ASSIGNMENT: Every line from the one with "عکس گرانترین صندلی" to the one with "DIY Yarn Bottle Vase", including those two, is to be copied exactly; all other lines of the entries below are left out.

EXERCISE MATERIALS:

────

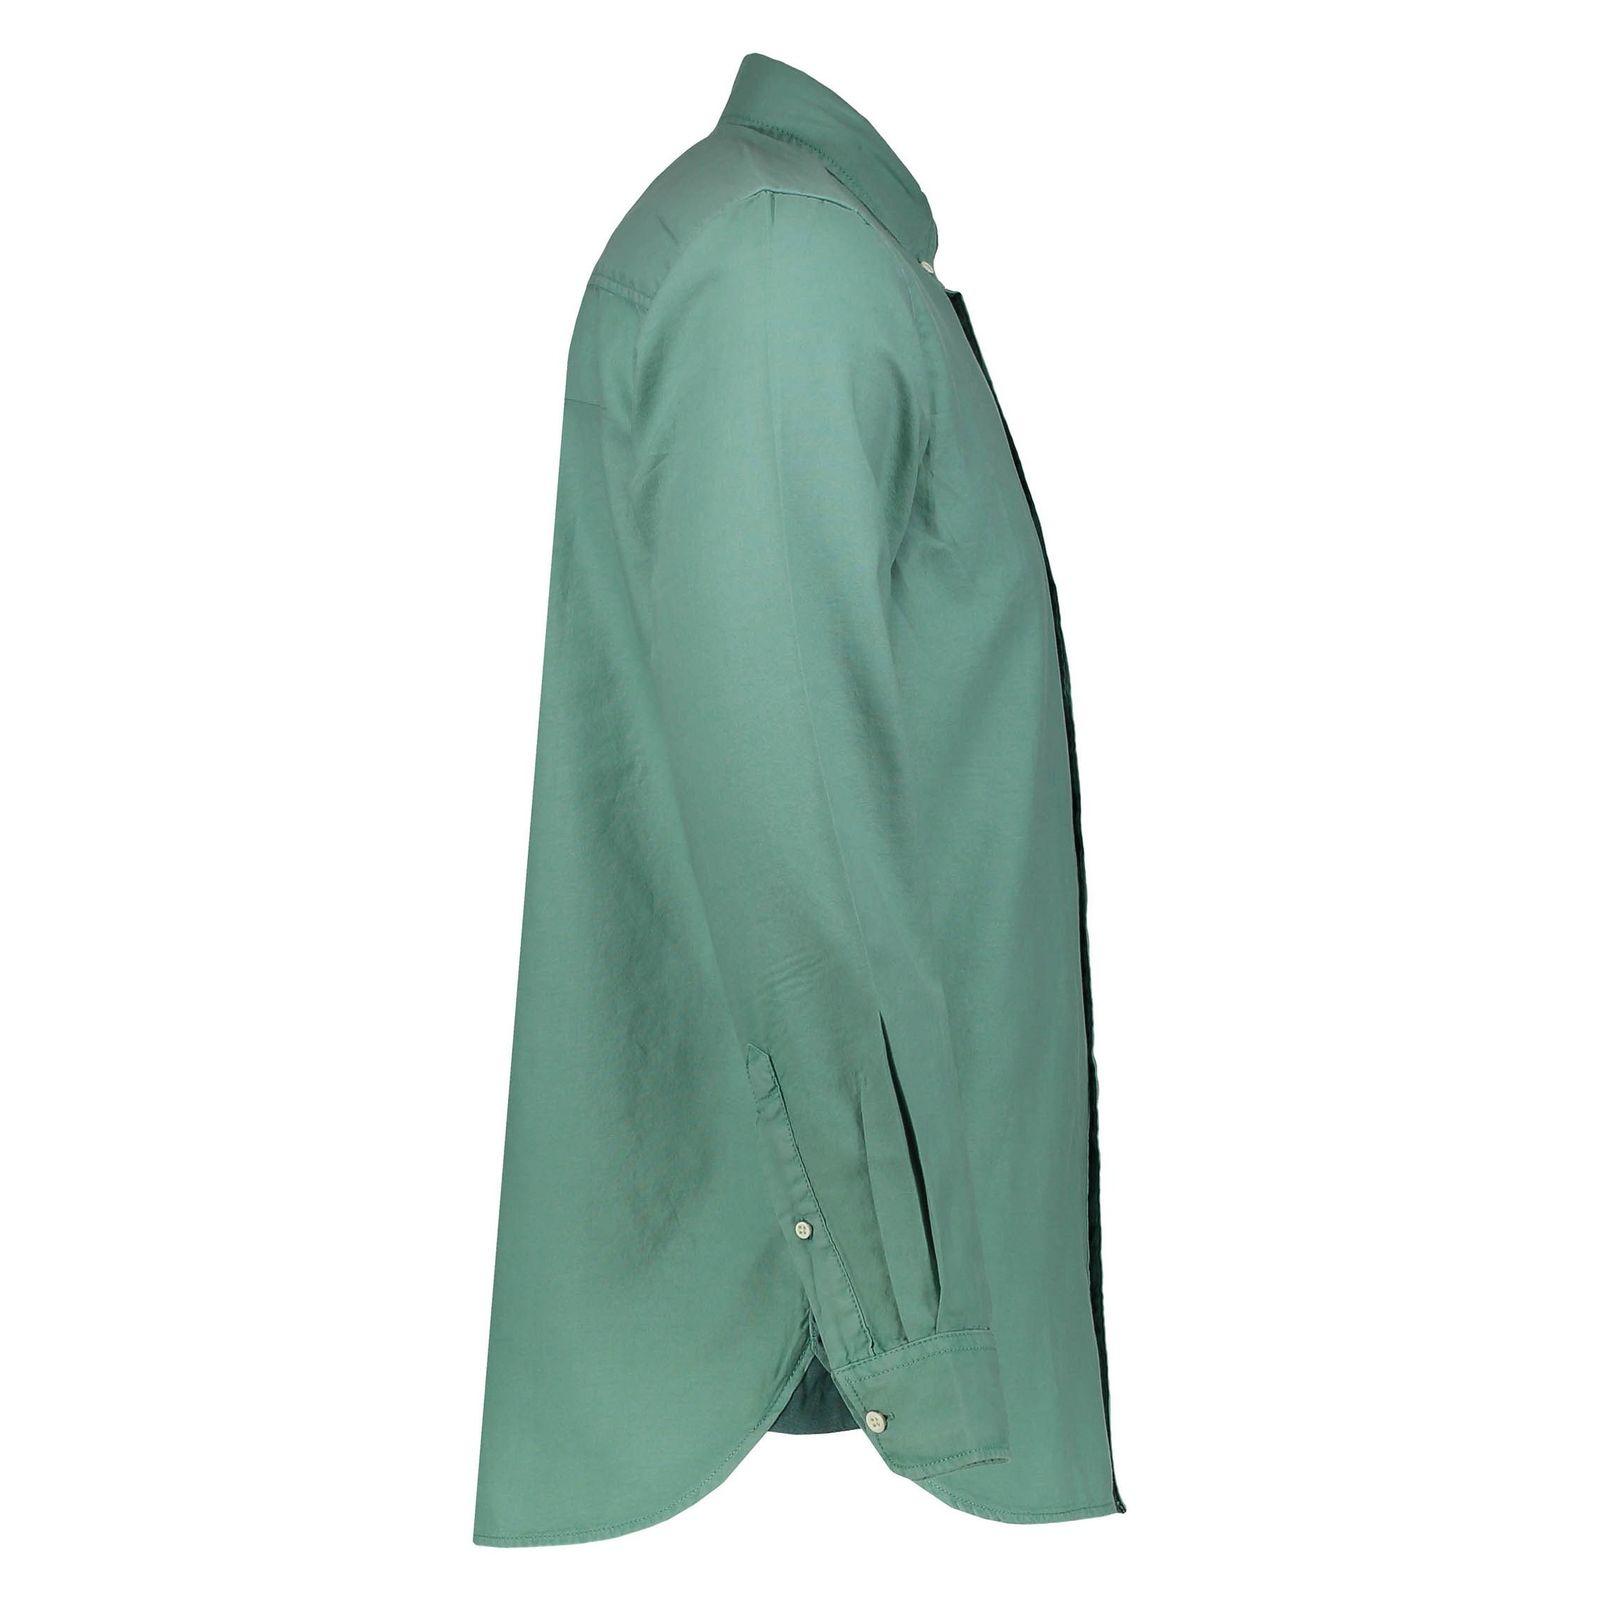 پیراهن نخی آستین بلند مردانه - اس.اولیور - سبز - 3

────

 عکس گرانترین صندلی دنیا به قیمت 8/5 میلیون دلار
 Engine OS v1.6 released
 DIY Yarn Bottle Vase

────

TASK OUTPUT:
 عکس گرانترین صندلی دنیا به قیمت 8/5 میلیون دلار
 Engine OS v1.6 released
 DIY Yarn Bottle Vase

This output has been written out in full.